Out in my vegetable garden, the late-morning sun scalds my neck as I clip off yesterday’s “potato chip leaves” from my butternut squash plants. In my 40 years of raising vegetables, I’ve never had this problem of leaves air-frying on the vine, crisp and brown like potato chips. My husband comes over with his make-shift shade cover, a contraption of 40% shade cloth stretched over a frame of PVC piping, supported by four bamboo poles. We work together to angle the frame so it protects against the blistering sun. We’ll do the same for the next raised bed…and the next.
In recent years, I’ve focused on growing food we can eat during the winter, so this spring, I over-planted butternut squash. Twelve little seedlings emerged. I transplanted three to another bed, leaving nine healthy seedlings to fill the raised bed. They were doing just fine; the 2:00 AM drip watering and layer of mulch kept the ground moist. And then on July 7th we were hit with a mega-heat wave.
110 degrees Fahrenheit!
I took a photo of the outside temperature reading and sent it to our daughters. “Look at this: 105 degrees! No, wait, it’s now 106.” Every half hour I documented the rising temperature until it peaked at 110 degrees. These were Death Valley temperatures – not our mountain homestead’s. I was so absorbed with the thermometer, that I didn’t think about my veggies until my evening stroll out in the garden.
I’m aware that some leaves naturally wilt on hot days – it’s the plant’s natural response to preserving moisture, especially the cucurbit family: squash, cucumbers, melons. They’ll usually perk up again when it cools if the soil is moist.
But this was different. The sun was hot, but even in the shade, the air itself was pizza-oven hot. About half of my butternut squash and cucumber leaves were dried crisp as potato chips. Young tomatoes, peppers, and eggplants were so shocked and set back, that this will probably be the first year I won’t have enough tomatoes to can.

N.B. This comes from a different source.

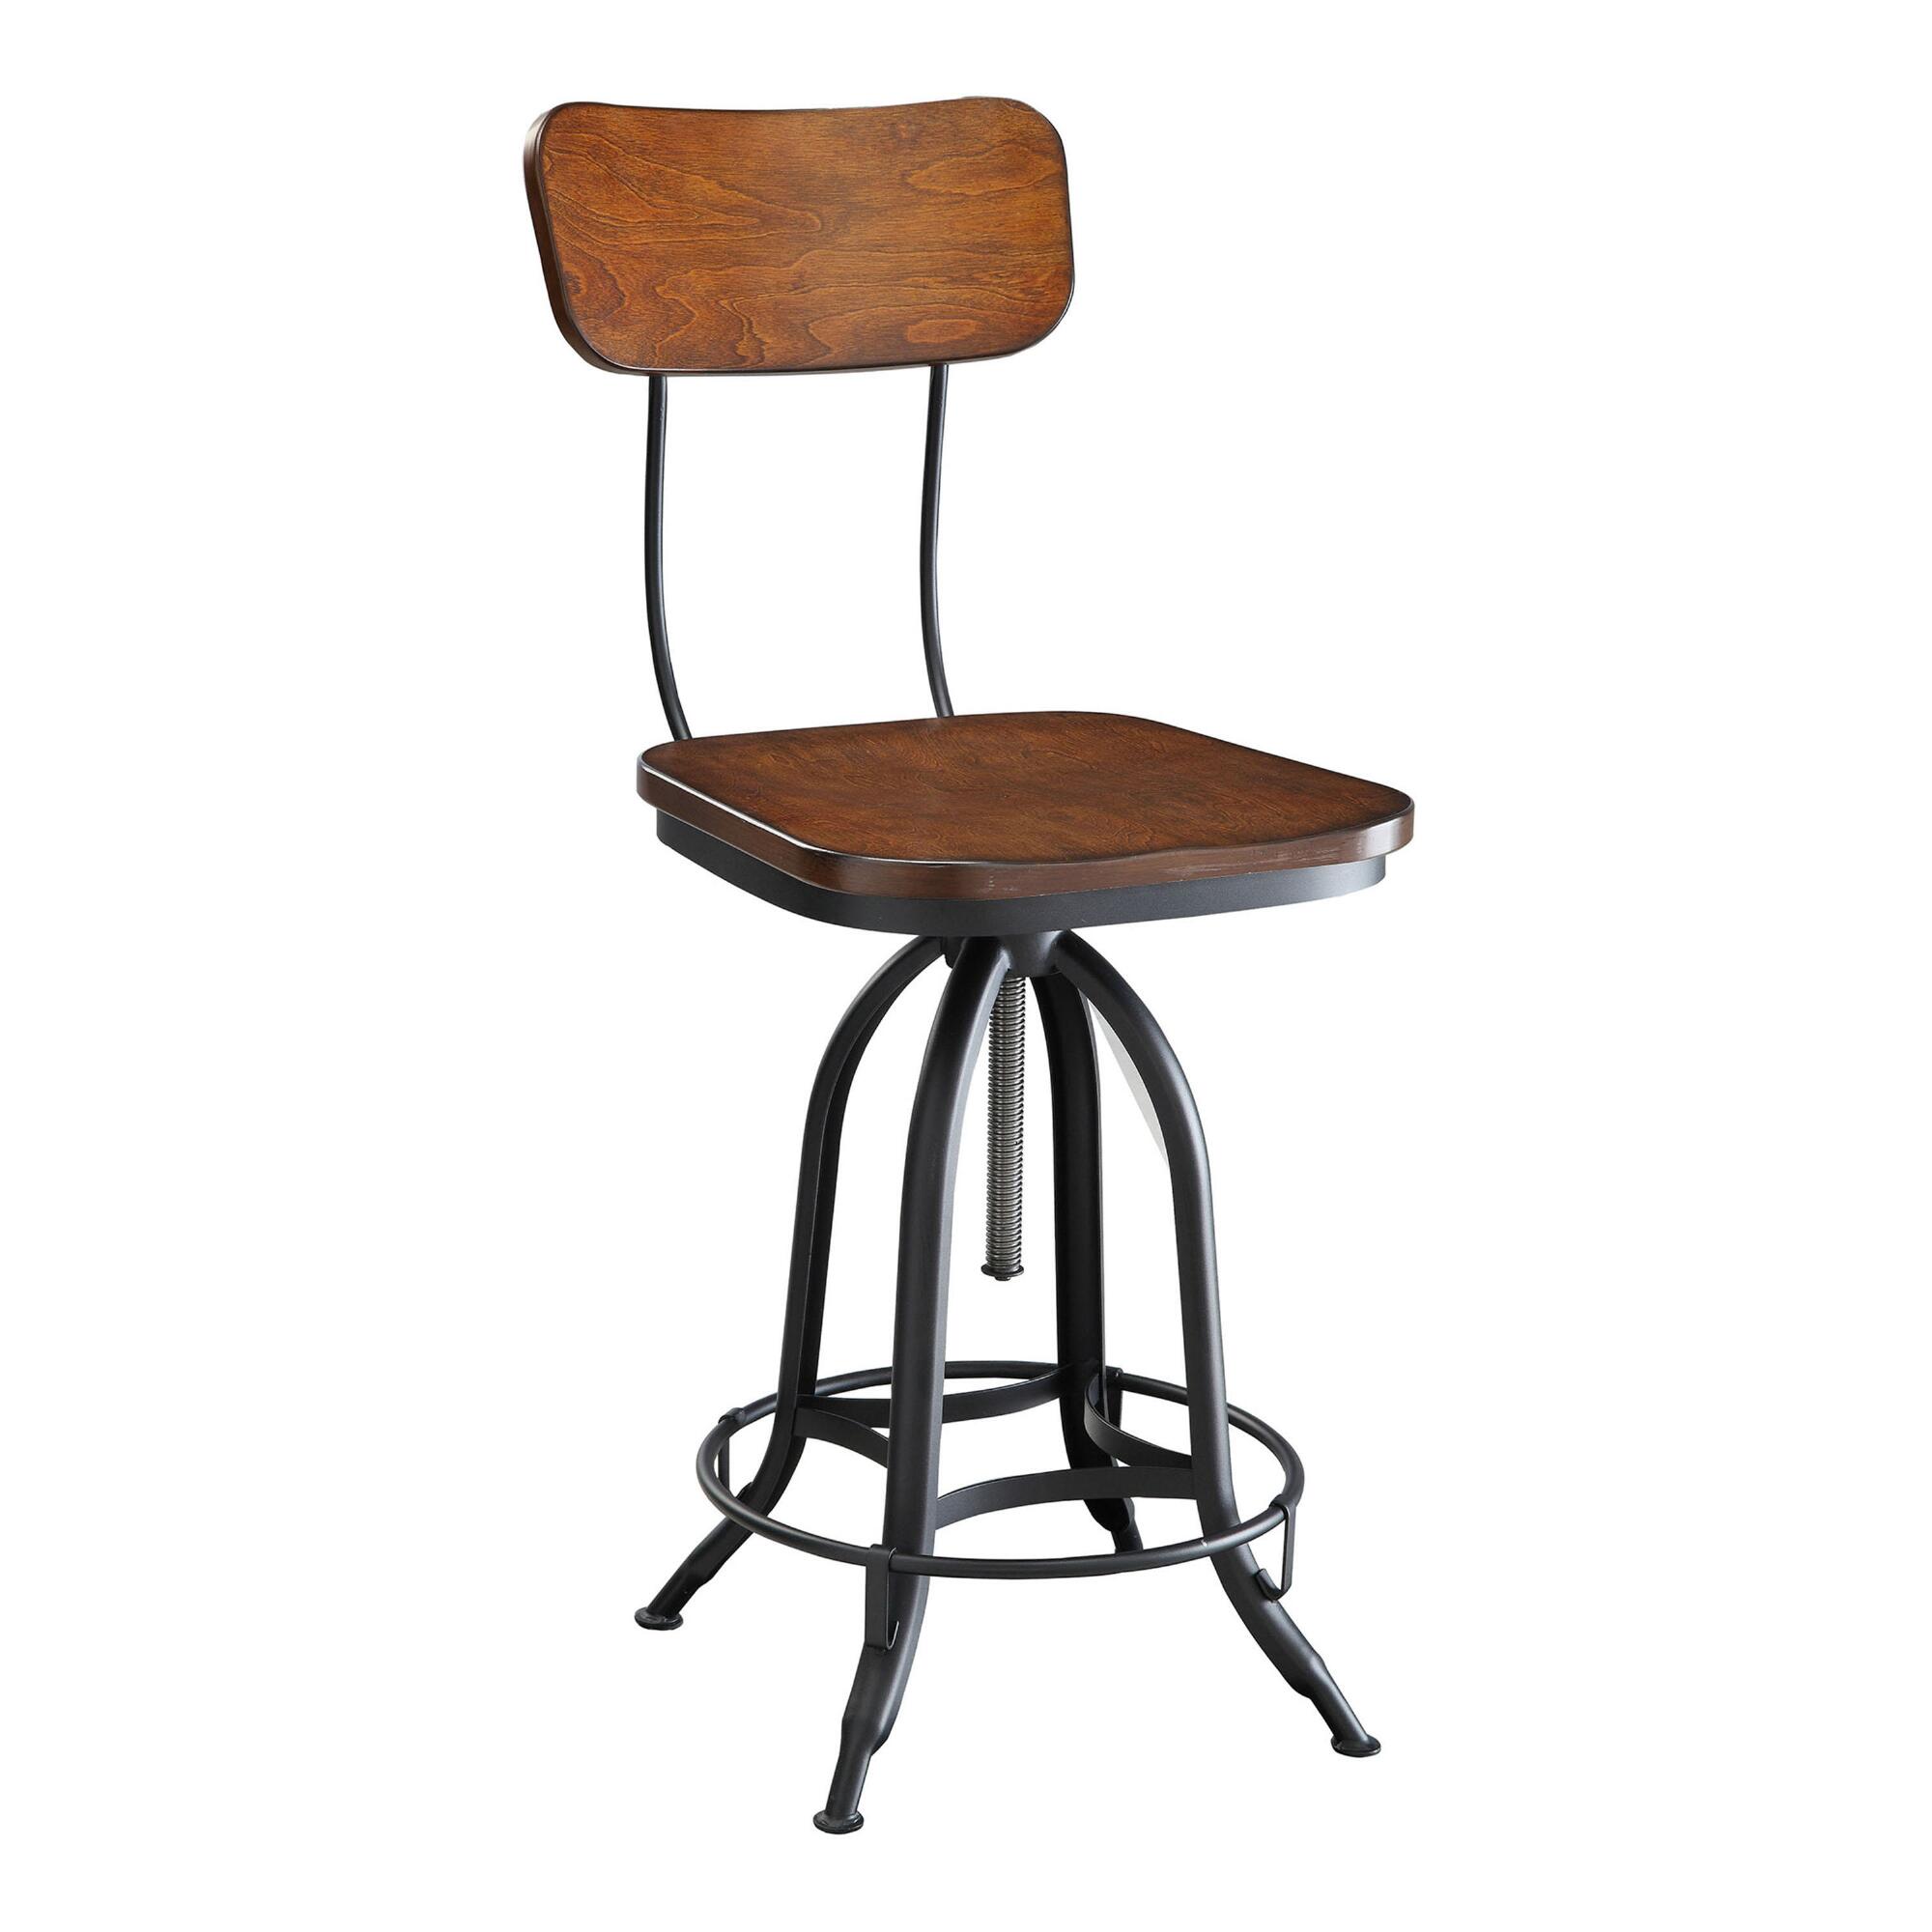 Wood and Metal Adjustable Height Dowell Stool by World Market

We’re like the proverbial frog who’s merrily swimming in a pot of cold water, hardly noticing the slowly increasing temperature until it’s too late and he’s boiled to death – which is probably how the extreme heat of 2021 snuck up on me. Climate patterns have shifted slowly over several decades, but now, they’re ramping up. In the late 1970s when we first settled into the western slope of the Northern California Sierra, it was common to get 2-3 feet of snow at a time. Today we’re lucky to get 2-3 inches at a time. Same with rain. Whereas we used to count on rain starting November, now we’re lucky to start getting substantial rainfall in January or February. We worry that our well might run dry.
The end of gardening as I’ve known it and time for a whole new gardening strategy
The extreme heat wave of July 7, 2021 and subsequent hotter-than-usual days will forever change the way I garden. I’m already thinking of new strategies for next year’s vegetable garden and I’m hoping you might have ideas to add to the list.
Please send your suggestions to me at: email@example.com, and I’ll share them in a future blog.
Here’s my start:
- Focus on seeds that are drought and heat tolerant. I’ve a feeling we’ll be seeing more of these in the 2022 seed catalogues.
- Create moveable shade covers for my raised beds that can also serve as early/late frost protection. You can do a lot with PVC pipes and shade cloth.
- Study how indigenous peoples and desert dwellers grow food in hot, arid climates, such as the “Three Sisters” approach where corn, squash, and climbing beans create a supportive environment for each other.
- Focus on plants that grow well in the shoulder seasons of spring and fall when it’s not so hot.
- Let the shade of tall or vertical crops shade plants below. I might plant corn as a wall of shade in each bed.
- Continue automatic drip watering between 1-4 am, and mulch, mulch, mulch to preserve moisture. Mist plant leaves by hand in the cool of the evening.
- Research the “50 Future Foods” project that I wrote about in Heart Wood.
I’ll end with a new plant in my garden that is growing well in this year’s heat: the North Georgia Candy Roaster Pumpkin. Originally cultivated by the Cherokee peoples in Southeastern part of our country, it’s like a cross between a butternut squash and pumpkin and stores well. I can’t wait to try it this winter!